Activity
Only the stretch below from the line holding "Beide Lampen sind" through the line holding "Görme engelliler, şehirlerde" should be restated, word for word and with both ends included; pictures stay out.

Records provided

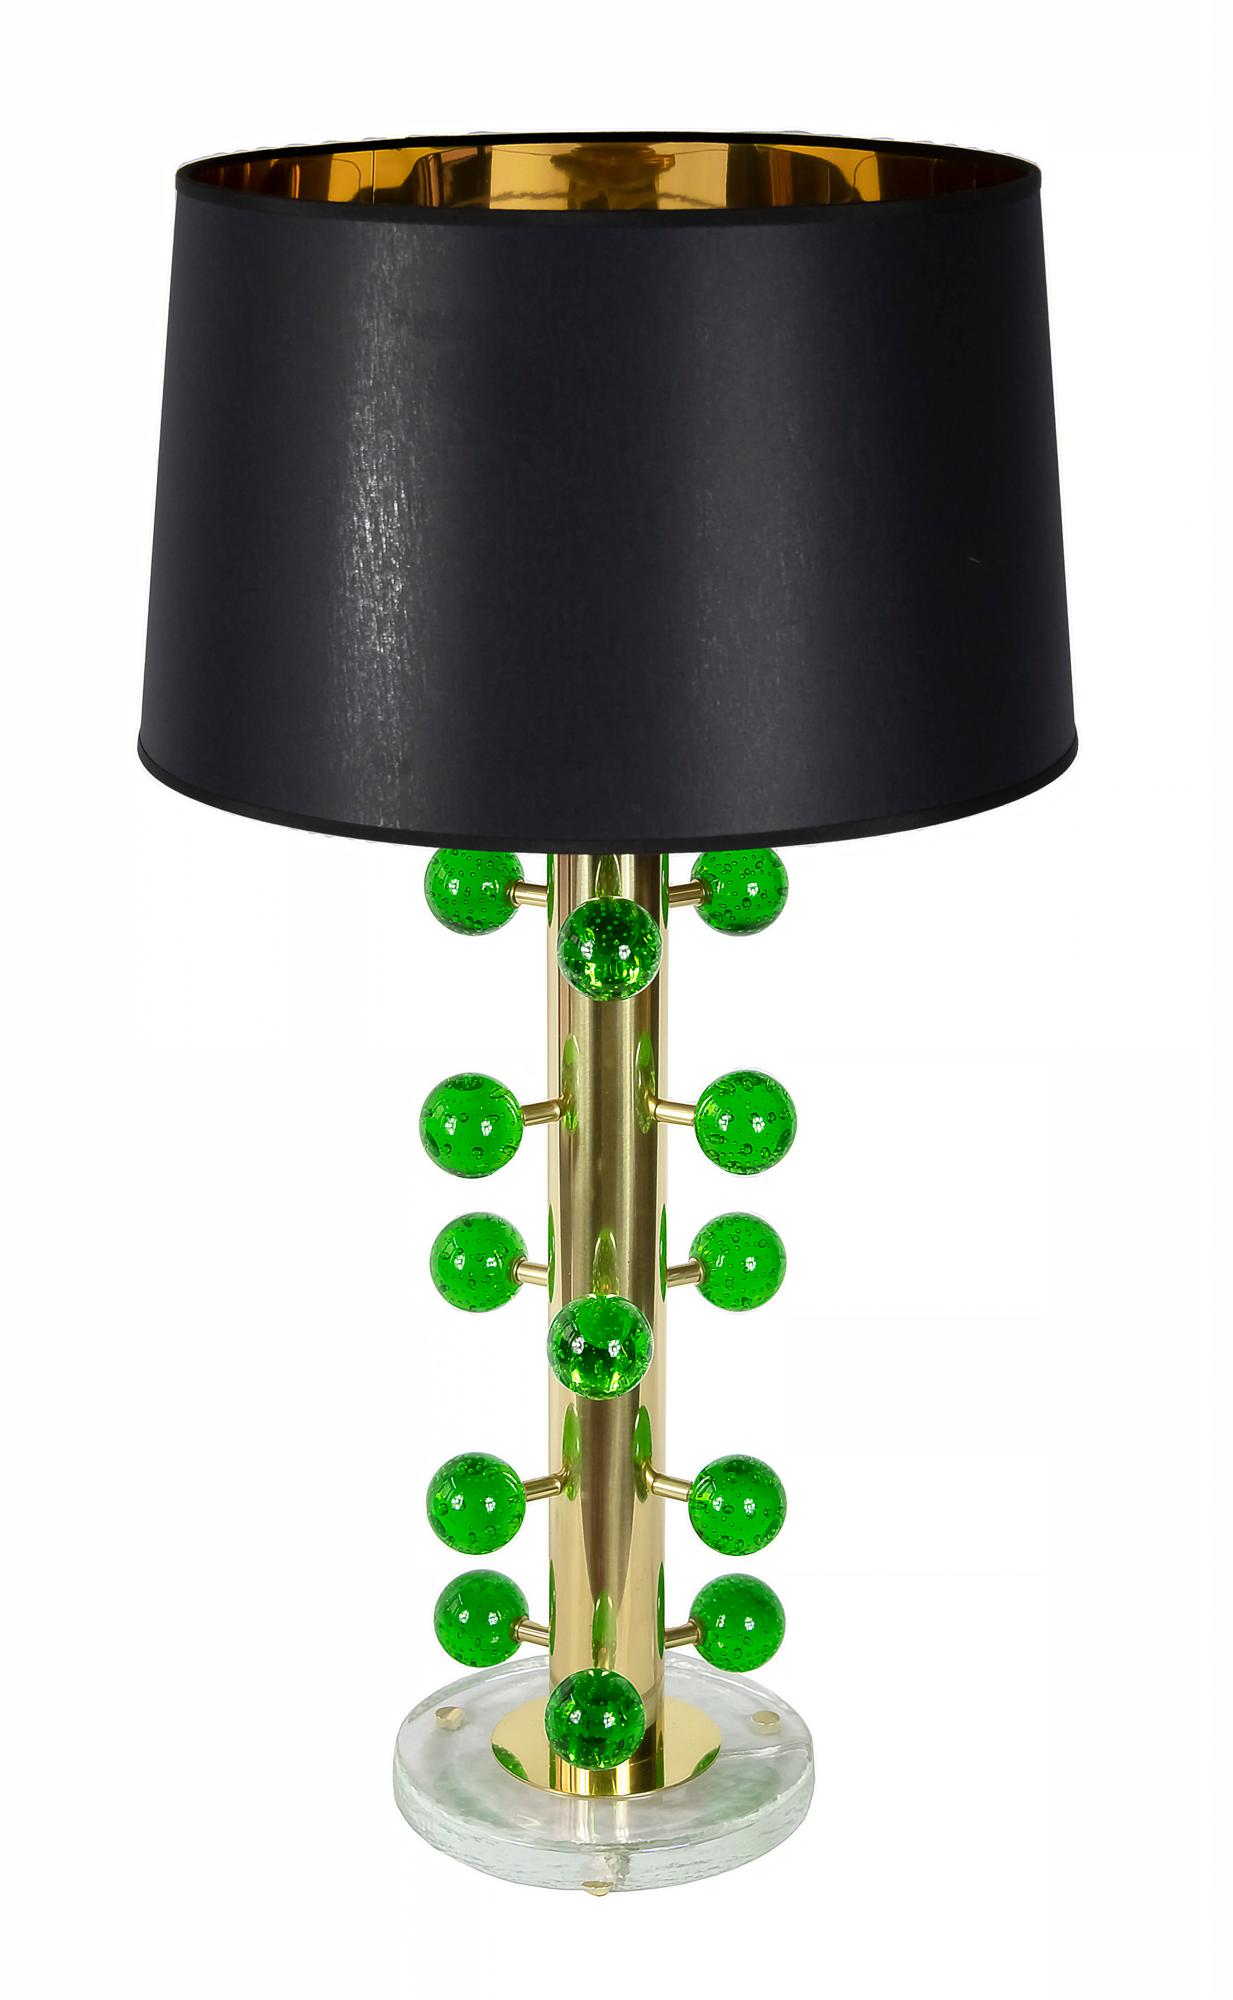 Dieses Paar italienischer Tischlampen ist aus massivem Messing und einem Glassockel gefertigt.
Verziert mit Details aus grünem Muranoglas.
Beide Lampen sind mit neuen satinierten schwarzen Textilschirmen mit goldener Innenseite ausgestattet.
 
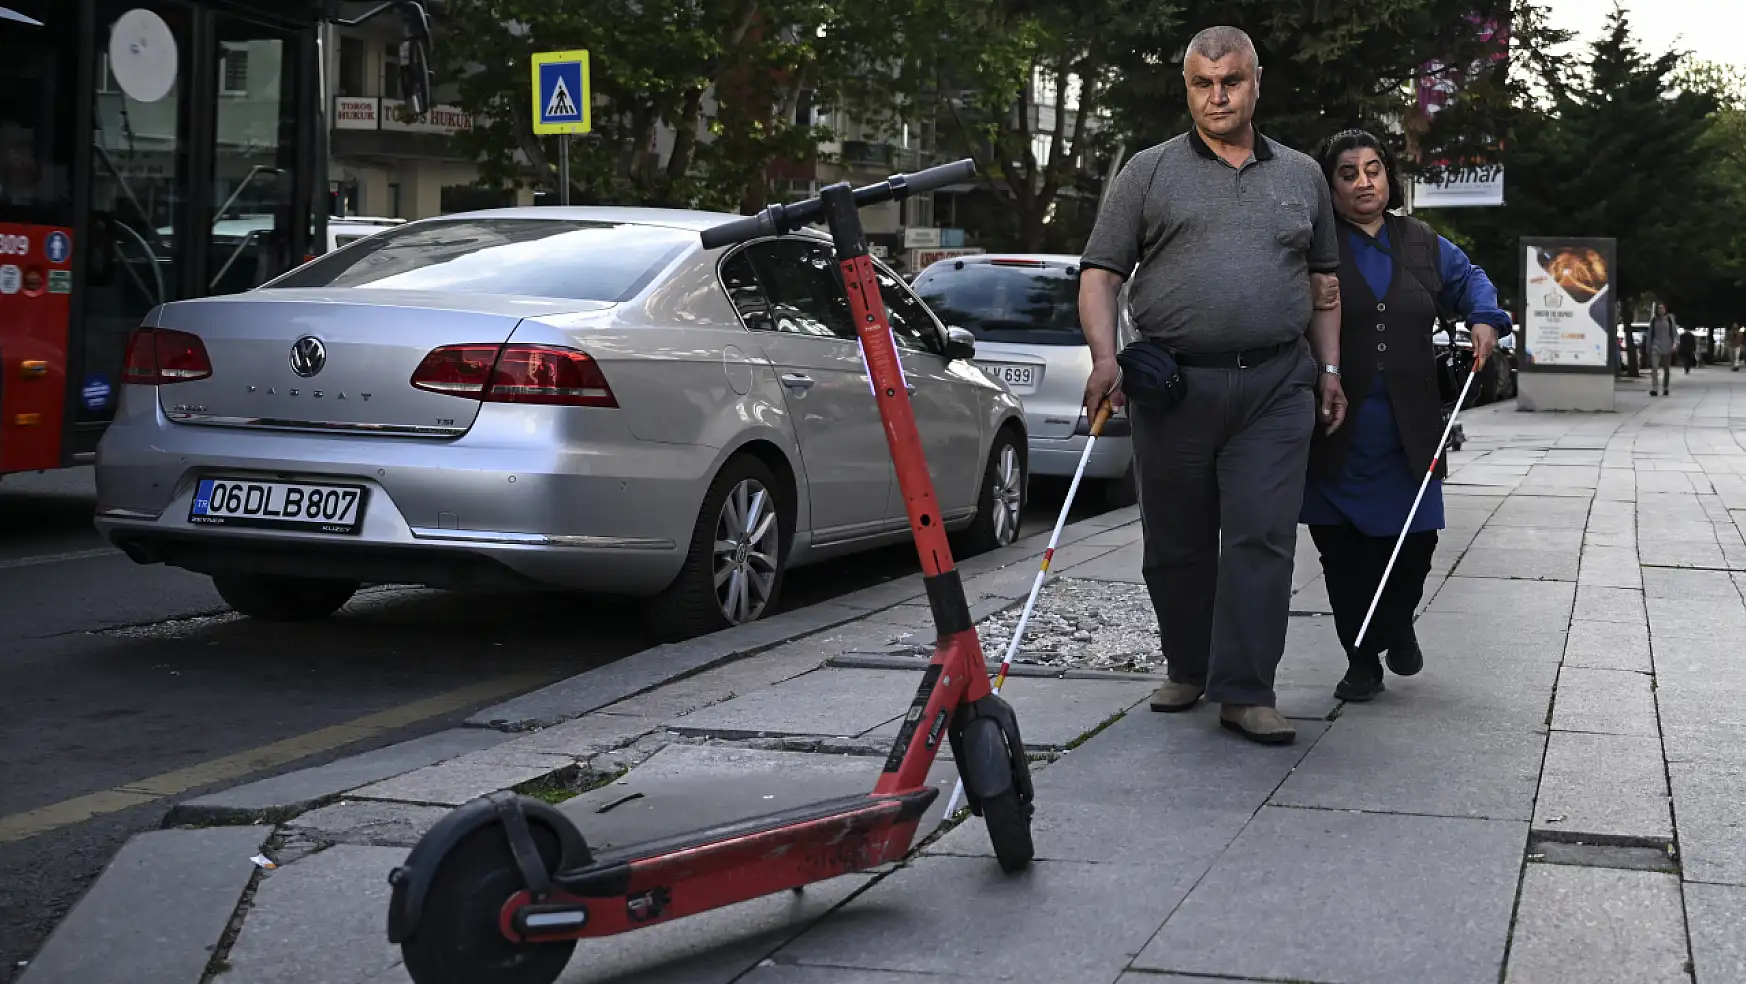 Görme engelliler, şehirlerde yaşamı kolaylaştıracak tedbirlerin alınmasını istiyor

--

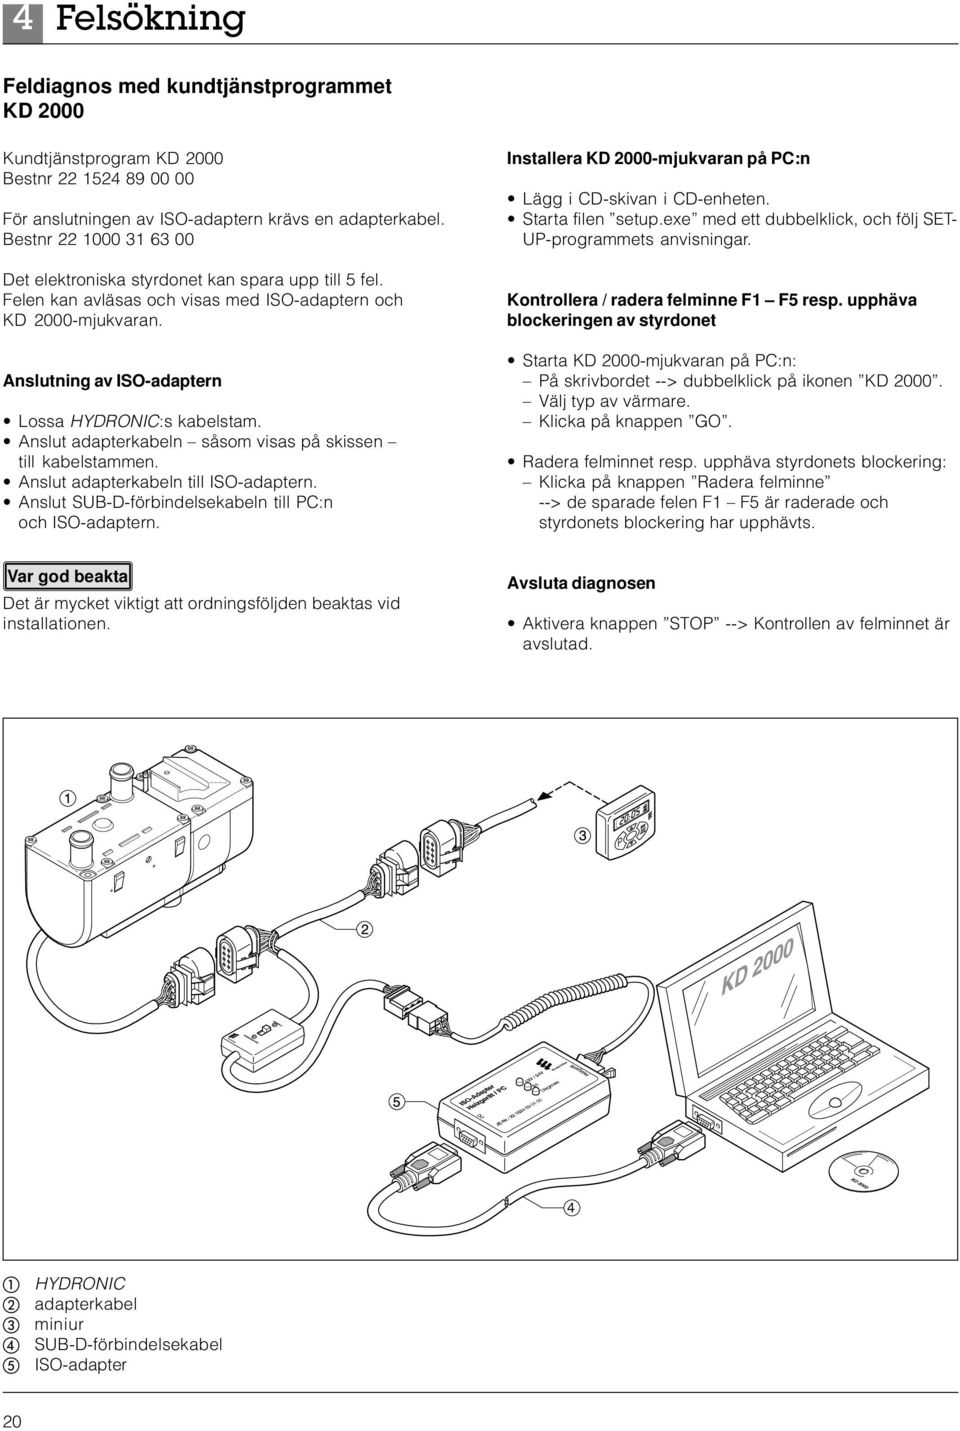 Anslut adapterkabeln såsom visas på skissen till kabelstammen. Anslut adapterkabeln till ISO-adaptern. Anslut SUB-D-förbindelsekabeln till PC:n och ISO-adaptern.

* * *

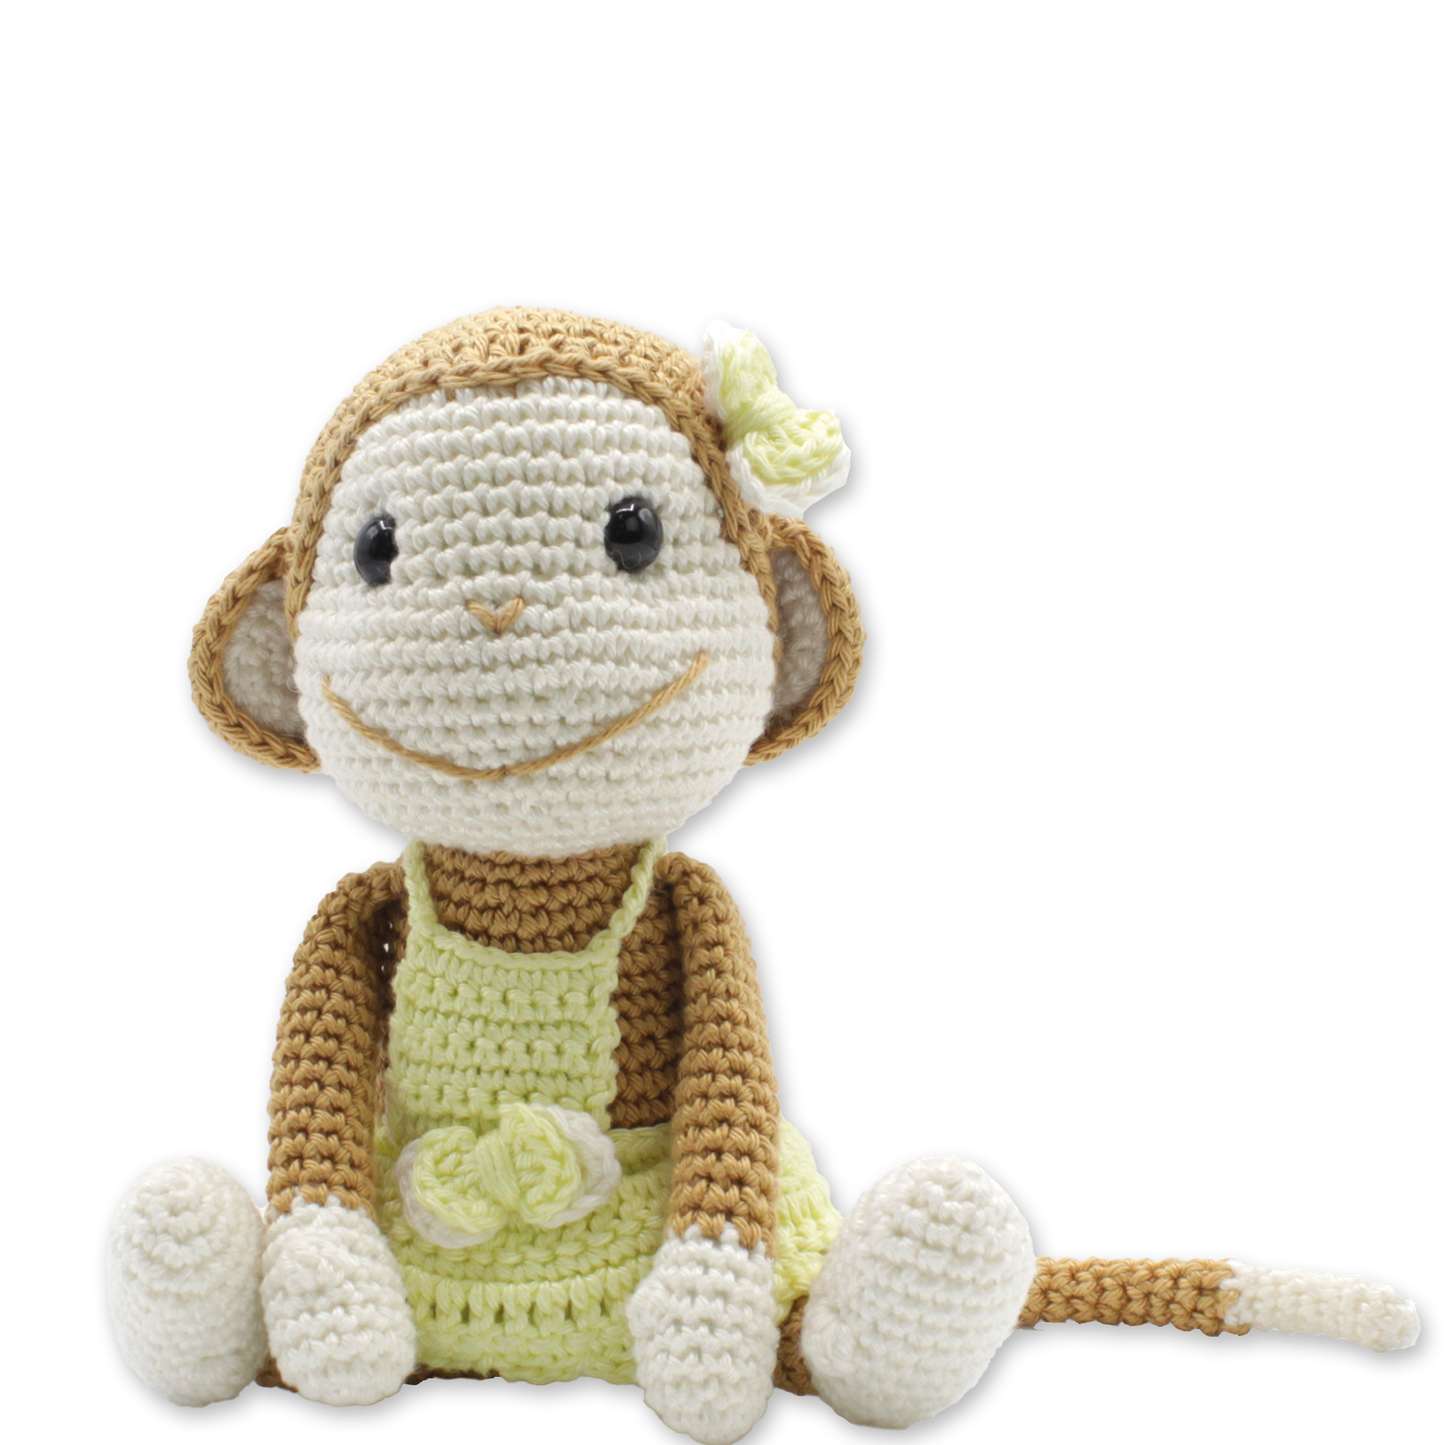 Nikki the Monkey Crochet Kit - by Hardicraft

Answer for the task
Beide Lampen sind mit neuen satinierten schwarzen Textilschirmen mit goldener Innenseite ausgestattet.
 
 Görme engelliler, şehirlerde yaşamı kolaylaştıracak tedbirlerin alınmasını istiyor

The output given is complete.